Using rhetorical questions that don’t require an answer is a great way to get your audience thinking, while subtly emphasising and drawing attention to a point that you are making. Rhetorical questions also give what you are saying a conversational tone, meaning that it helps you write the way that you talk, making it easier to understand and for your audience to connect with. Do you know what I mean?
Anecdotes are best thought about as small stories that serve a practical purpose. It’s important that you know your message, find the right example, weave in the narrative, convey passion, and support with facts.

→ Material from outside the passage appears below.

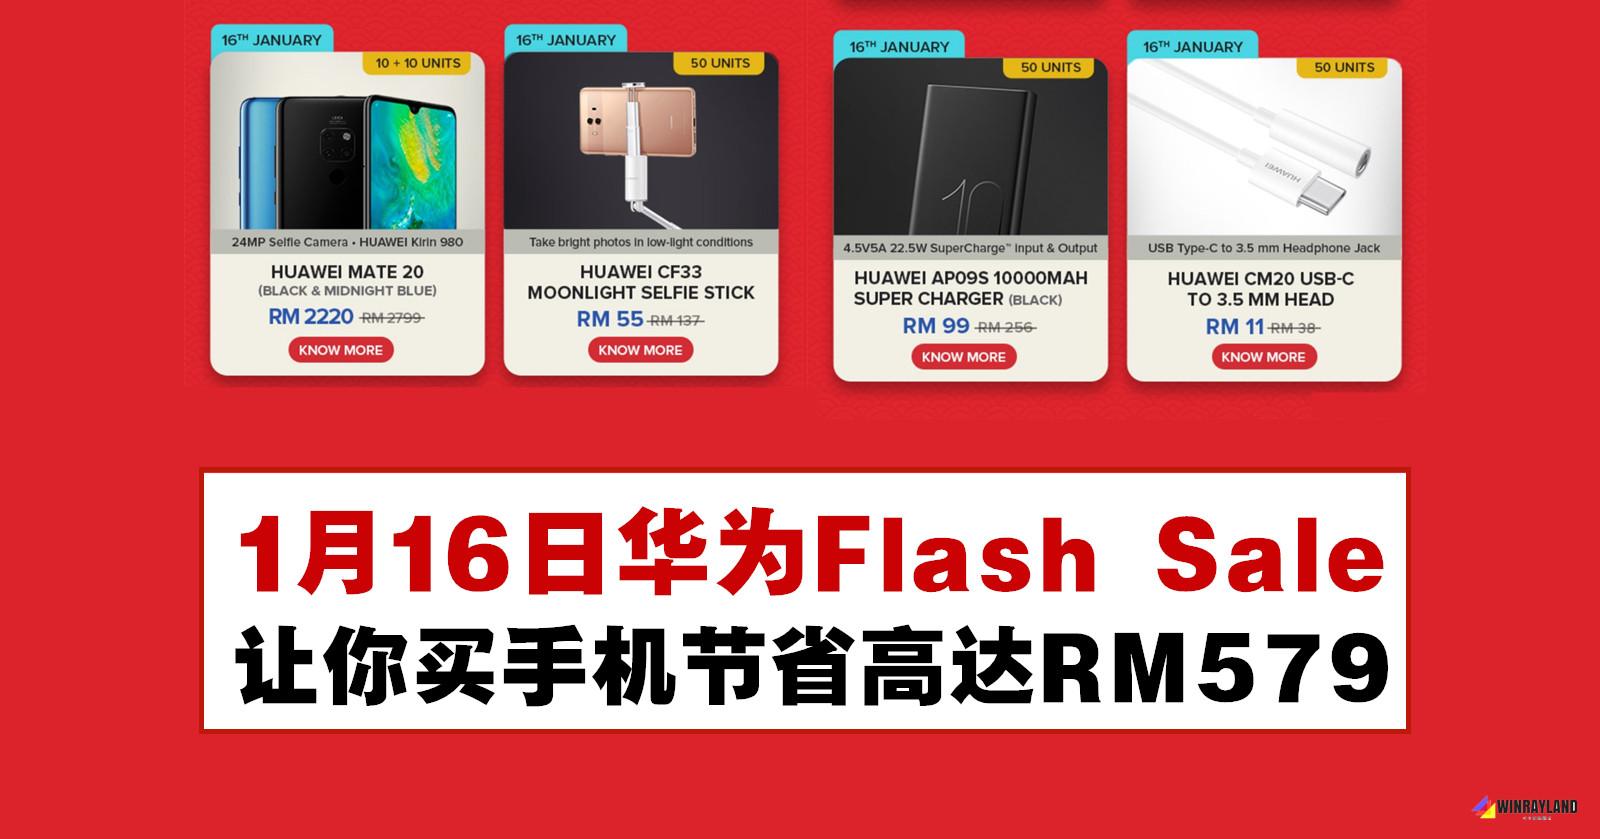 1月16日Huawei Flash Sale

Repeating the same word or phrase more than once means that your message is more likely to stick in your audience's mind. It also aids with the flow of what you are saying as well as working to convince people that what you are saying is true.
This is a really powerful technique that not only makes your copy more interesting to read but it works like repetition. Repeating the consonant sound and the beginning of words helps them to stick in your mind as well as stand out. This technique was actually used in the title of this post.
Undermine opposing view
This can be a slightly risky technique if overtly used. However, it can be discreetly utilised in the form of ‘Us vs them’ content. For example, if you compare yourself to the competitors, saying something along the lines of how you compare to some of the leading competitors in your niche. You need to acknowledge their existence while at the same time, displaying how you are better and why people should use your product or service over theirs.
When writing copy, if your main goal is to sell or product, or change someone's way of thinking, an understanding of these 12 fundamental concepts of persuasive communication will put you on the right track on the way to success.